100
Pete is from NM. Otto is from AZ. Rachel is from UT. Rachel is dating both Pete and Otto – who don’t know about each other. Both Pete and Otto decide to surprise Rachel at her home in UT on the same day. In the confrontation that resulted from the parties finding out about each other – Pete slugged Otto – sending Otto to the hospital and causing him to incur $100,000 in injuries. Otto brings suit against Pete in the Federal District Court of Arizona based on diversity. Arizona law requires the Arizona court to apply the law of the place of injury, limits a complaint to 20 pages, and requires service of process within 200 days of when the lawsuit was filed. Utah law allows a complaint to be 30 pages long, but says that service of process must happen within 100 days after the lawsuit is filed. The Federal District of Arizona allows complaints to be 40 pages long, and is bound by FRCP 4(m) that service of process must happen within 120 days.
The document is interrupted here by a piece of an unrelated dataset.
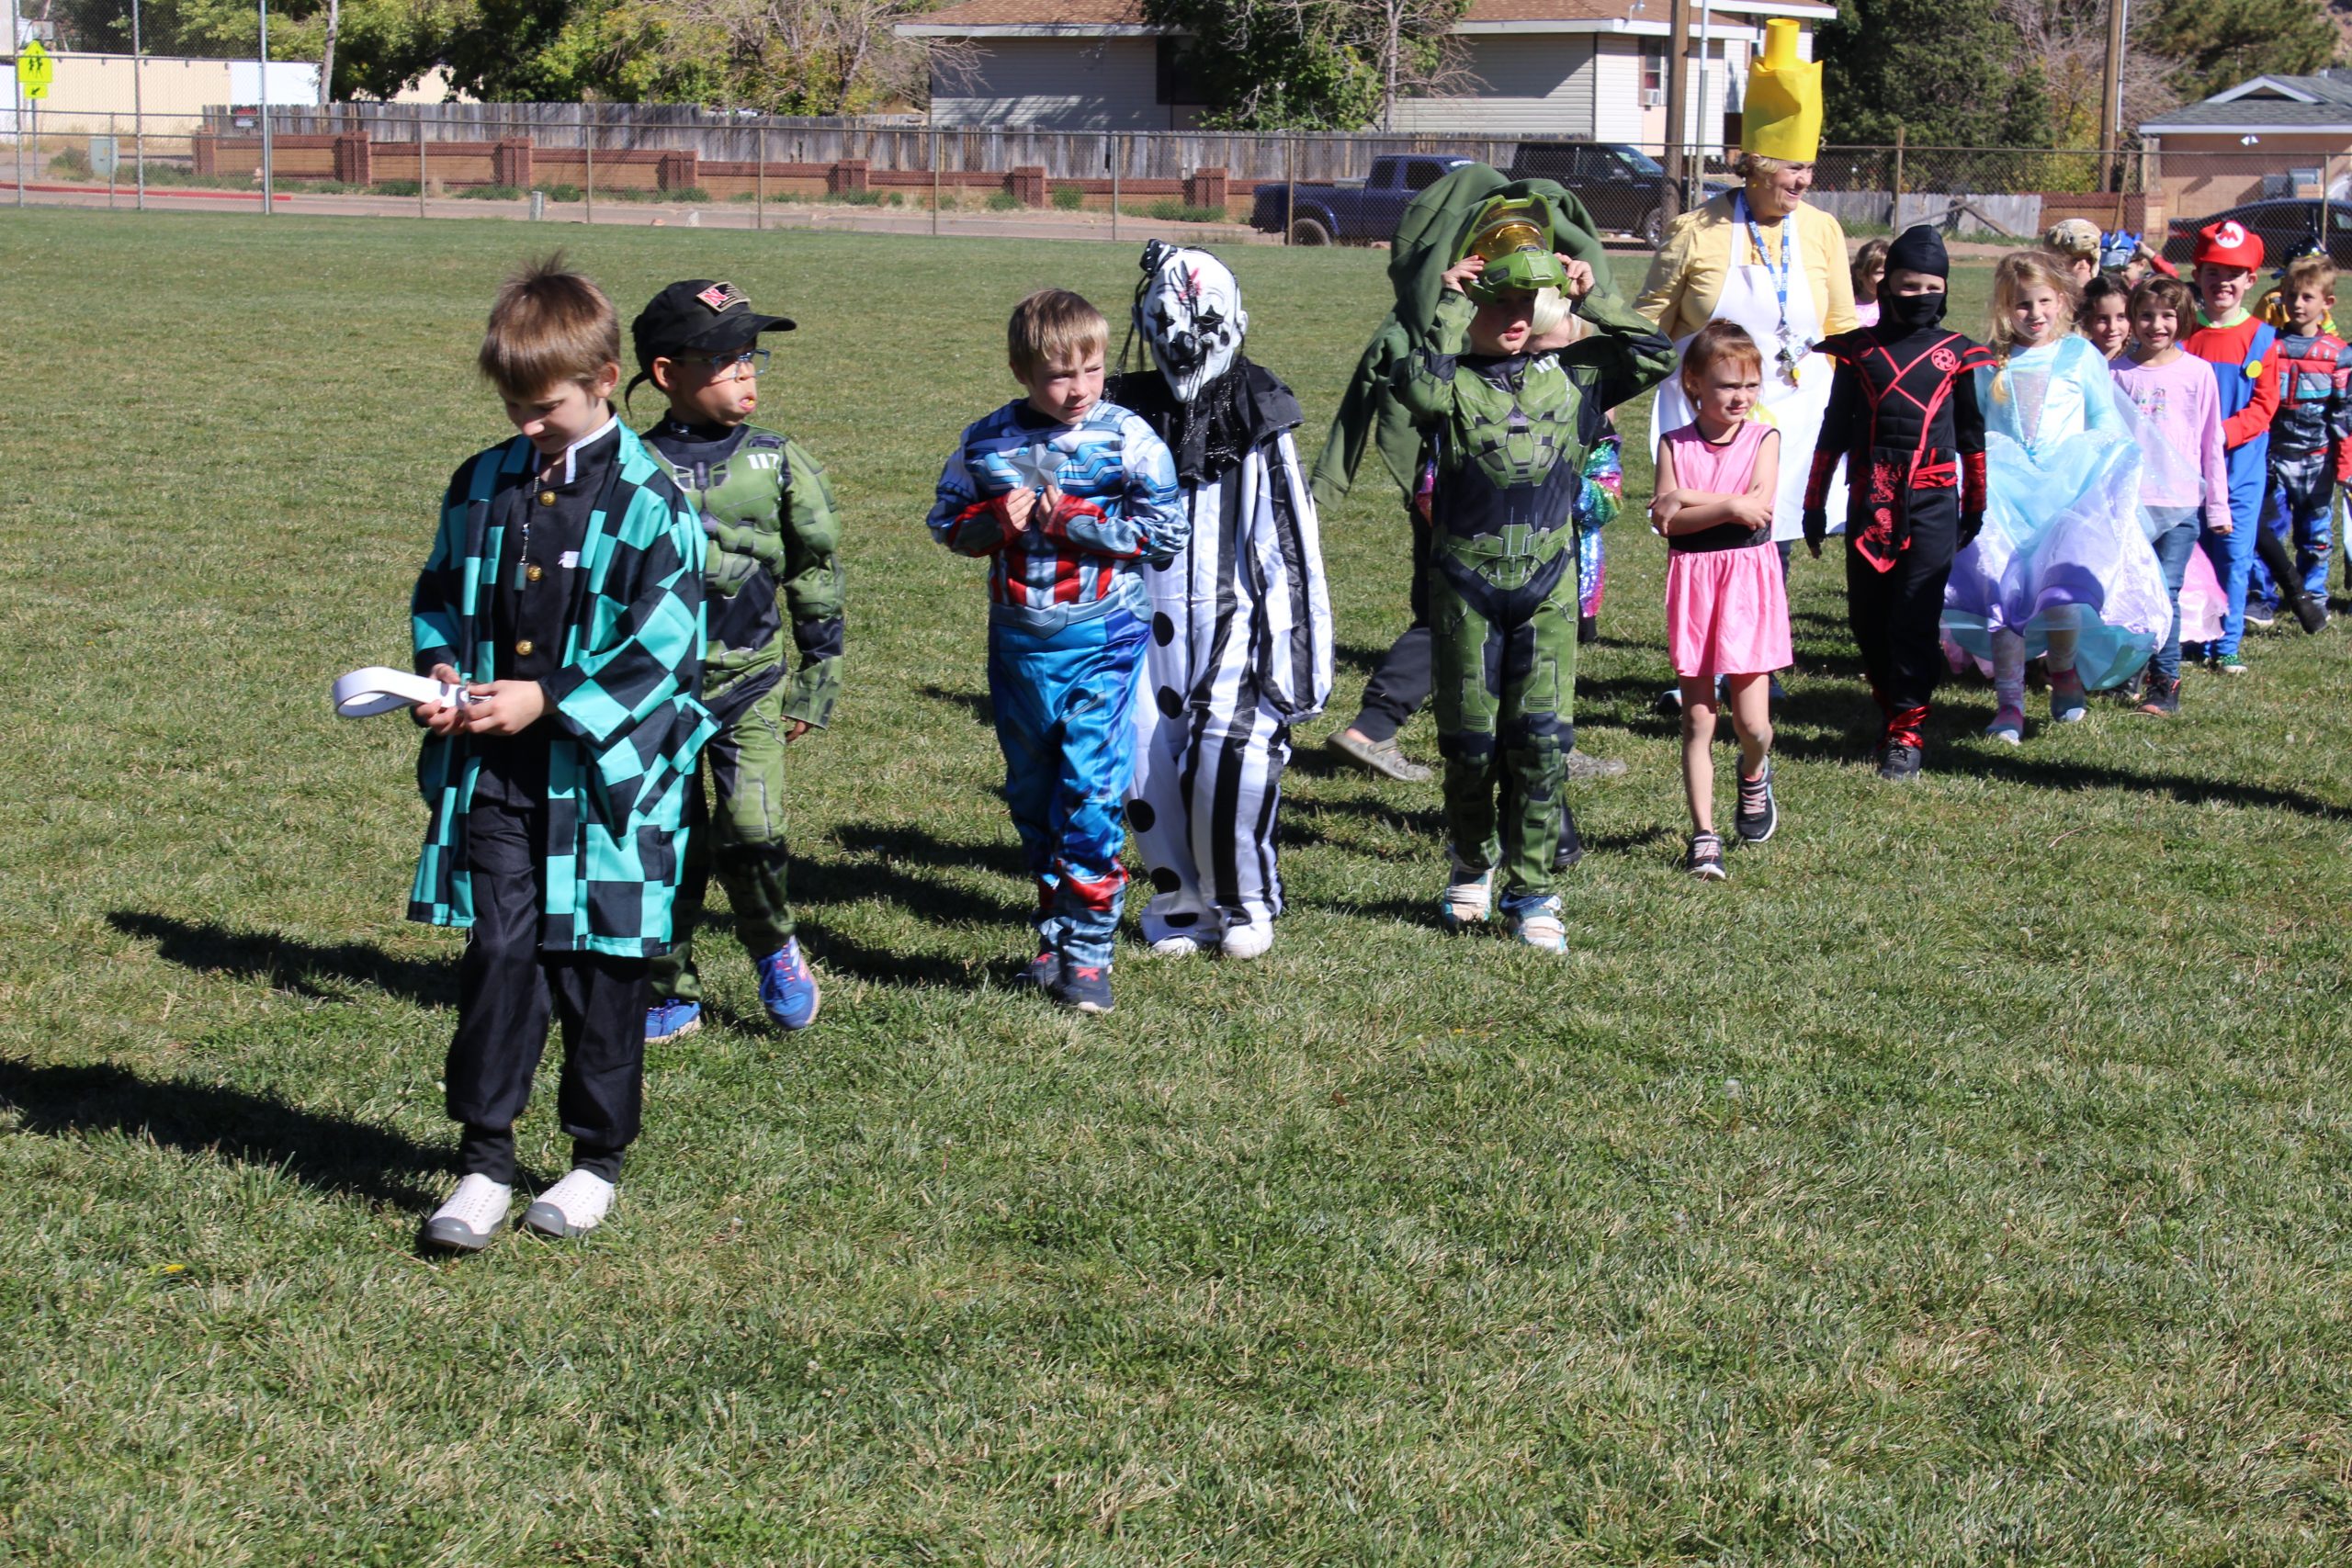 Students in costume for the Halloween parade.

Pete raises the issue of whether Otto can prove the required intent. None of the states or the federal government have a statute that explicitly provides intent – but the common law of Arizona requires the plaintiff to prove premeditation to recover for battery. Utah and New Mexico require only a present intention. Federal Courts allow recovery whenever there is injury – even if it was accidental.
What test should the Federal District Court of Arizona use to determine whether state or federal law applies to the number of days of service?
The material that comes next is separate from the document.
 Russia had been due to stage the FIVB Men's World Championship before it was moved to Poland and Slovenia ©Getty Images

The court should ask whether the conflict is procedural or alters substantive rights
Congress has delegated the power to create the rules of procedure for federal courts and so the federal court would apply the special rules for conflict of state-federal laws when congress has authorized the creation of the federal rule. The number of days of service is procedural in nature – and does not abridge, enlarge, or modify a substantive right.